Event ID 18 — Domain Trust Relationship Implementation

Applies To: Windows Server 2008 R2

The Windows Time service establishes a trust relationship with the domain. When a time server returns an authenticated Network Time Protocol (NTP) packet to a client that requests the time, the packet is signed by means of a Kerberos session key that is defined by an interdomain trust account. The interdomain trust account is created when a new Active Directory domain joins a forest, and the NetLogon service manages the session key. In this way, the domain controller that is configured as reliable in the forest root domain becomes the authenticated time source for all the domain controllers in both the parent and child domains - and indirectly for all computers in the domain tree.

Event Details

Product: Windows Operating System
ID: 18
Source: Microsoft-Windows-Time-Service
Version: 6.0
Symbolic Name: MSG_RID_LOOKUP_FAILED
Message: The time provider NtpClient failed to establish a trust relationship between this computer and the %1 domain in order to securely synchronize time. NtpClient will try again in %3 minutes. The error was: %2

Resolve

Investigate the local security configuration

The event description in Event Viewer should provide additional information. This may be the result of a domain configuration error.

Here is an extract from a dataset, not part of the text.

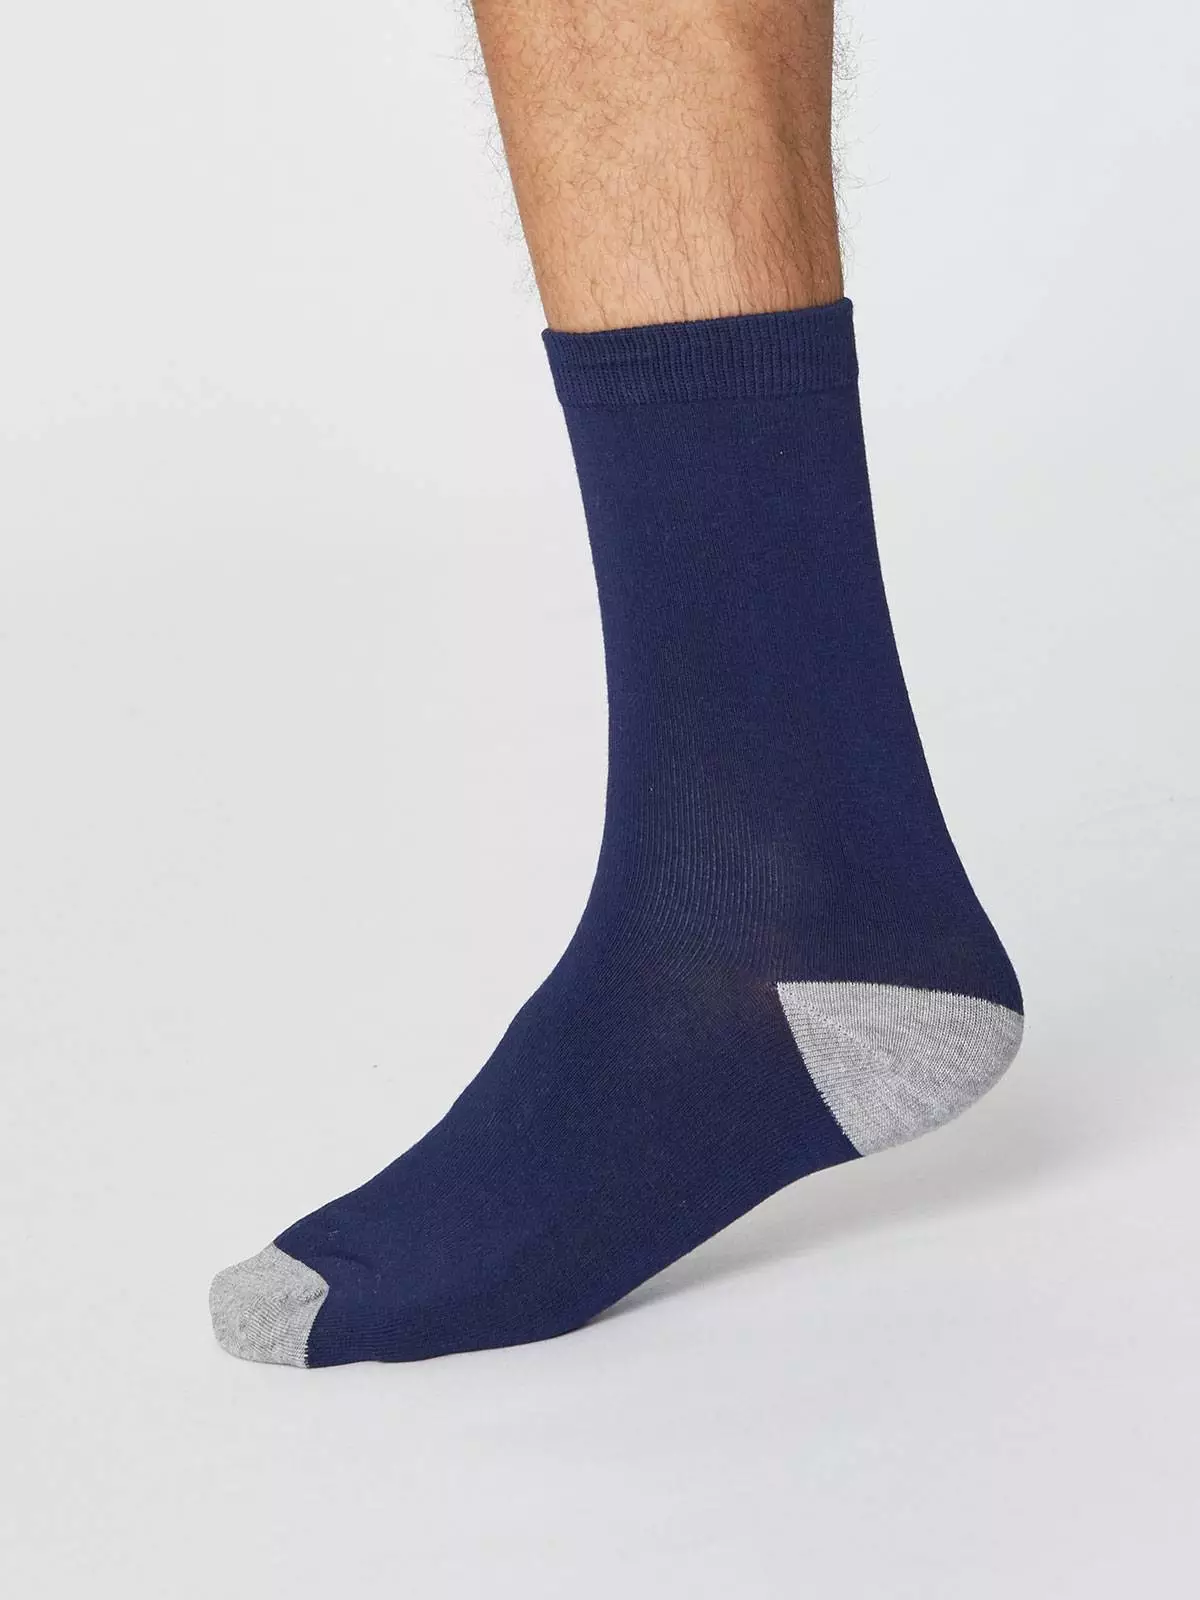 Herren-Socken Modell: Solid Jack

Check Event Viewer on a domain controller for events that indicate a domain configuration error, and then resolve those events accordingly.

Verify

To perform this procedure, you must have membership in Administrators, or you must have been delegated the appropriate authority.

To verify that the Windows Time service is synchronizing correctly:

  1. Open a command prompt as an administrator. To open a command prompt as an administrator, click Start. In Start Search, type Command Prompt. At the top of the Start menu, right-click Command Prompt, and then click Run as administrator. If the User Account Control dialog box appears, confirm that the action it displays is what you want, and then click Continue.

  2. At the command prompt, type W32TM /resync, and then press ENTER.

  3. At the command prompt, type W32TM /query /status, and then press ENTER.

    This command displays the status of the Windows Time service synchronization. The Last Successful Sync Time line of the output displays the date and time that you ran the W32TM /resync command in the previous step.

To verify that the Windows Time service synchronized successfully with its time source when you ran the W32TM /resync command, confirm that Event ID 35 appears in Event Viewer.